The research paper for Munich’s ifo institute called “Going to Extremes: Politics after Financial Crisis, 1870-2014” by Manuel Funke, Moritz Schularick and Christoph Trebesch shows how past banking upheavals led to periods of weak government that made crisis resolution more difficult.
“Our key finding is that policy uncertainty rises strongly after financial crises as government majorities shrink and polarization rises,” they write, referring to cases in Europe in the 1920s and 1930s and examples such as the aftermath of the Scandinavian banking crises of the late 1980s and early 1990s.
“After a crisis, voters seem to be particularly attracted to the political rhetoric of the extreme right, which often attributes blame to minorities or foreigners.”
On average, far-right parties increased their vote share by 30 percent in the five years after a financial crisis, the data show.
After financial crises, voters are systematically lured by the political rhetoric of the far right, with frequently nationalistic or xenophobic tendencies, the authors say. Greater political fragmentation makes governing harder, and there is usually a dramatic increase in street protests.
The coincidence of the arrival of the largest wave of refugees since the aftermath of World War Two with a sluggish recovery from the euro zone debt crisis makes such trends more likely this time, although mass protests have so far been circumscribed by political apathy and growing individualism.
WEAK GOVERNMENTS MUDDLING THROUGH
In the key crisis states, Spain, Portugal and Greece, the radical left has grown more since 2010 than the far right, largely due to taboos left by past periods of fascist rule.
But there too, the mainstream parties that dominated politics for decades are shrinking, making coalition-forming harder and raising the prospect of unstable minority cabinets.
Portugal’s centre-right coalition fell short of an outright majority this month and the opposition Socialists, who could only make minor gains, are exploring whether to ally with Communist and radical left parties to take power.
Spanish Prime Minister Mariano Rajoy’s conservative Popular Party looks set to fall well short of a majority in a Dec. 20 election but may cling on as a fragile minority administration, given the weakness of the main opposition Socialist party.
In Sweden, Socialist Prime Minister Stefan Lofven leads an unstable minority government dependent on the acquiescence of centre-right parties that withdrew from a budget pact with him this month but won’t team up with the far-right anti-immigration Sweden Democrats to oust him.
Finland, on the other hand, has an uneasy coalition in which the populist anti-immigration Finns use their role as junior partners to seek to harden policy on refugees.

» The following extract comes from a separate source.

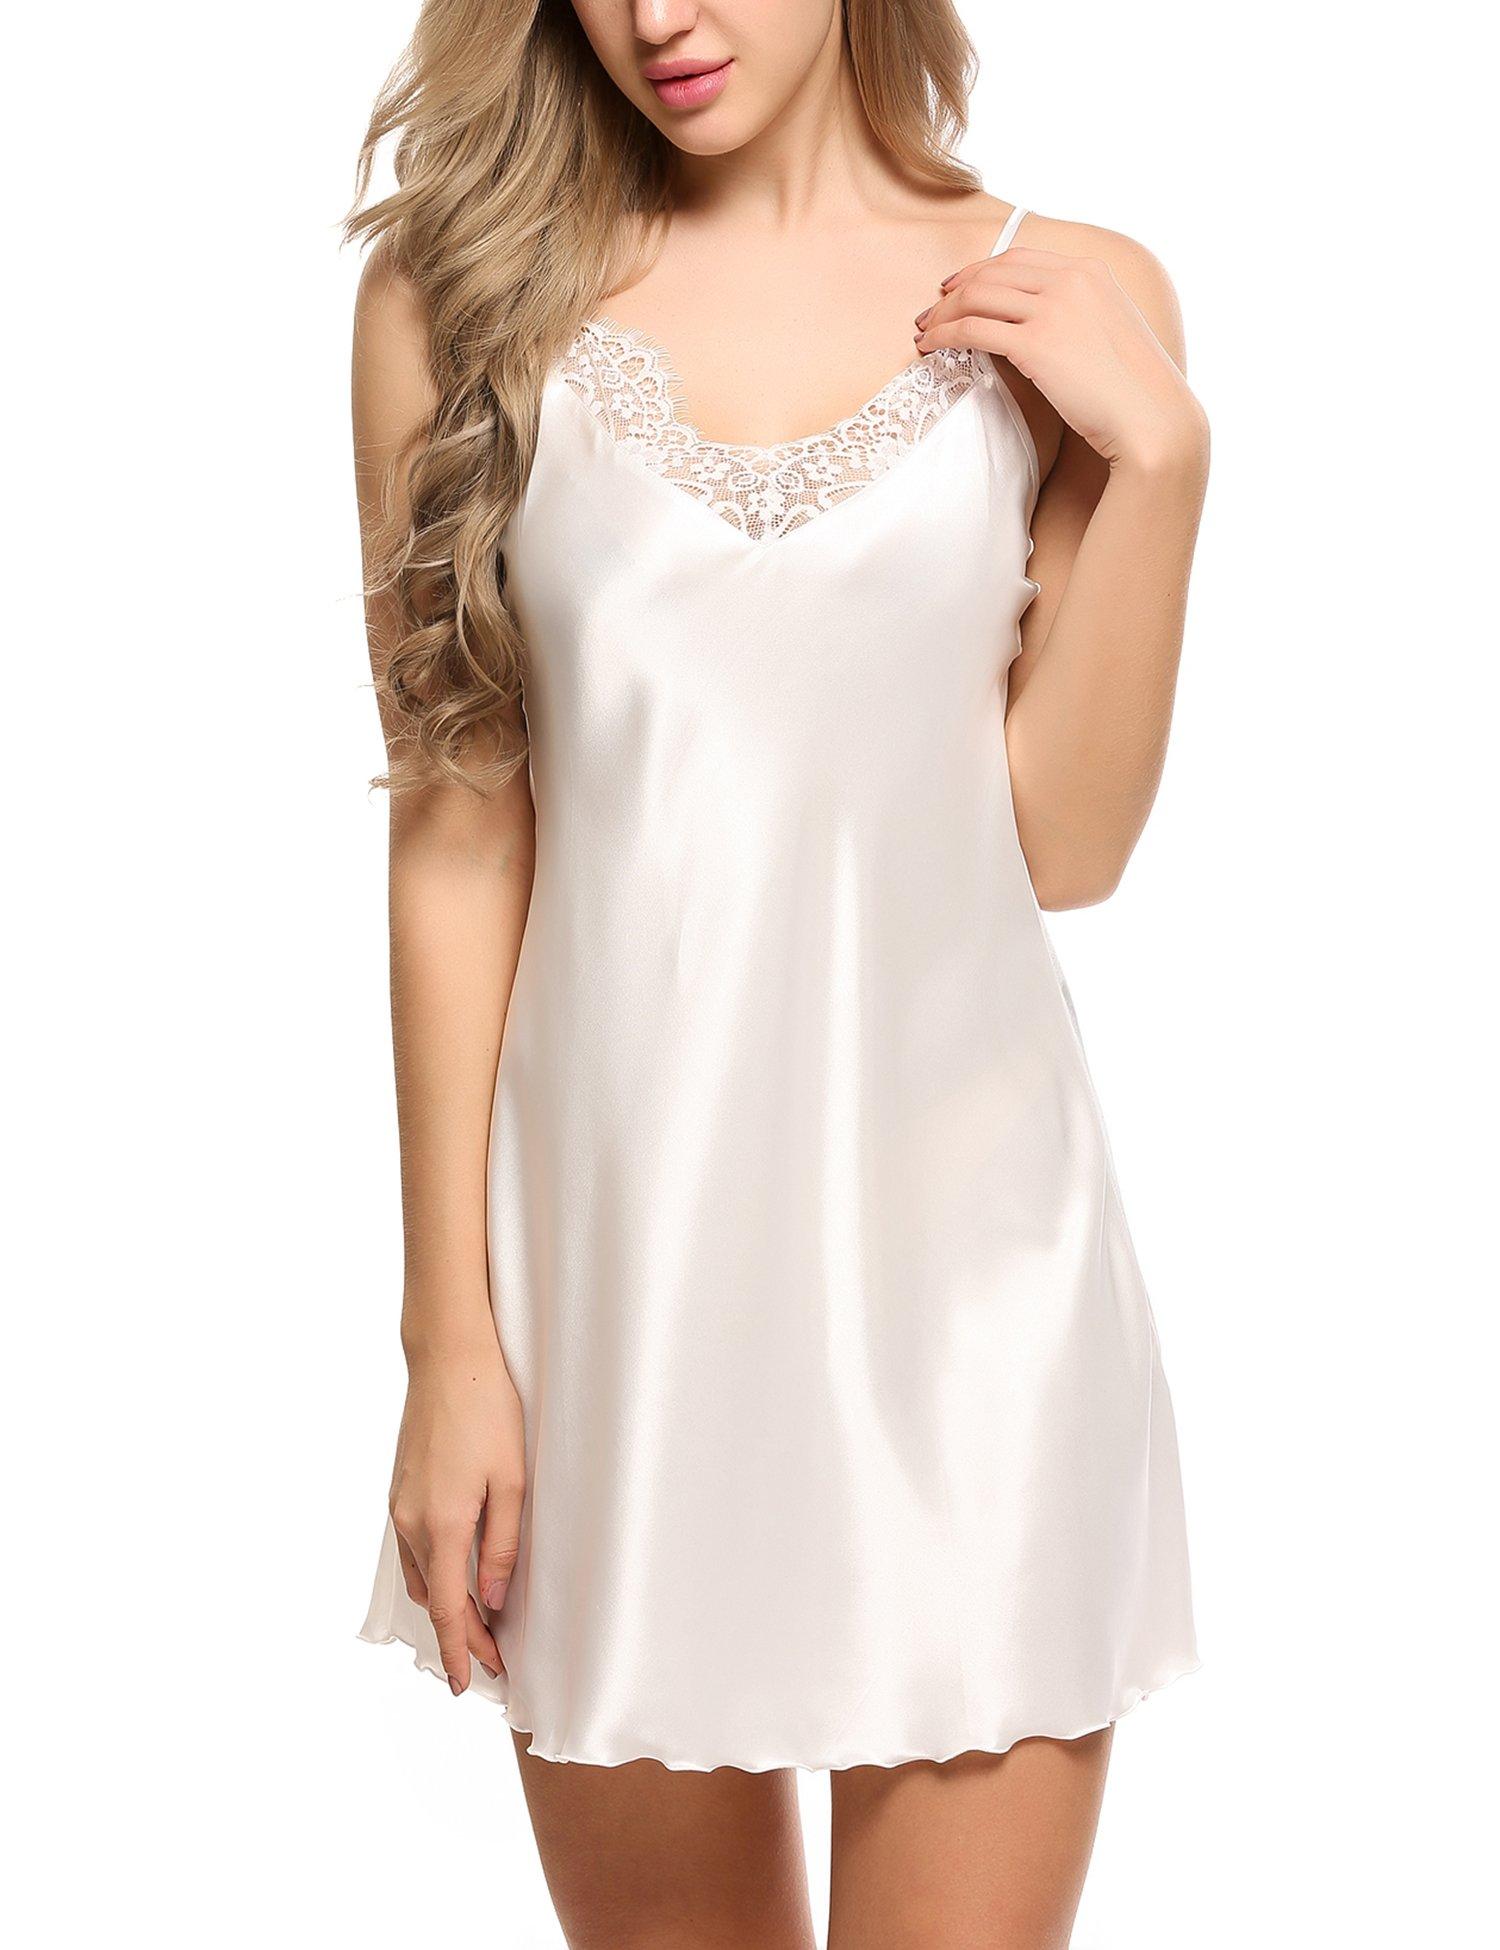 Ekouaer Sleepwear Lingerie Nightgown Loungewear

The weakness of many European governments will as a rule make it harder for them to win social acceptance for integrating large numbers of refugees, making more clashes with EU partners likely over sharing the financial and human burden.
“One year after the beginning of a new political cycle, the EU and its members are again in fire-fighting mode,” said Janis Emmanouilidis, director of studies at the European Policy Centre in Brussels.
They lack the political capital to make bold reforms of the euro zone or of the bloc’s asylum and immigration policies that many experts see as necessary.
Instead, the most that can be expected from the EU for the next couple of years is “reactive and protective muddling through”, Emmanouilidis said.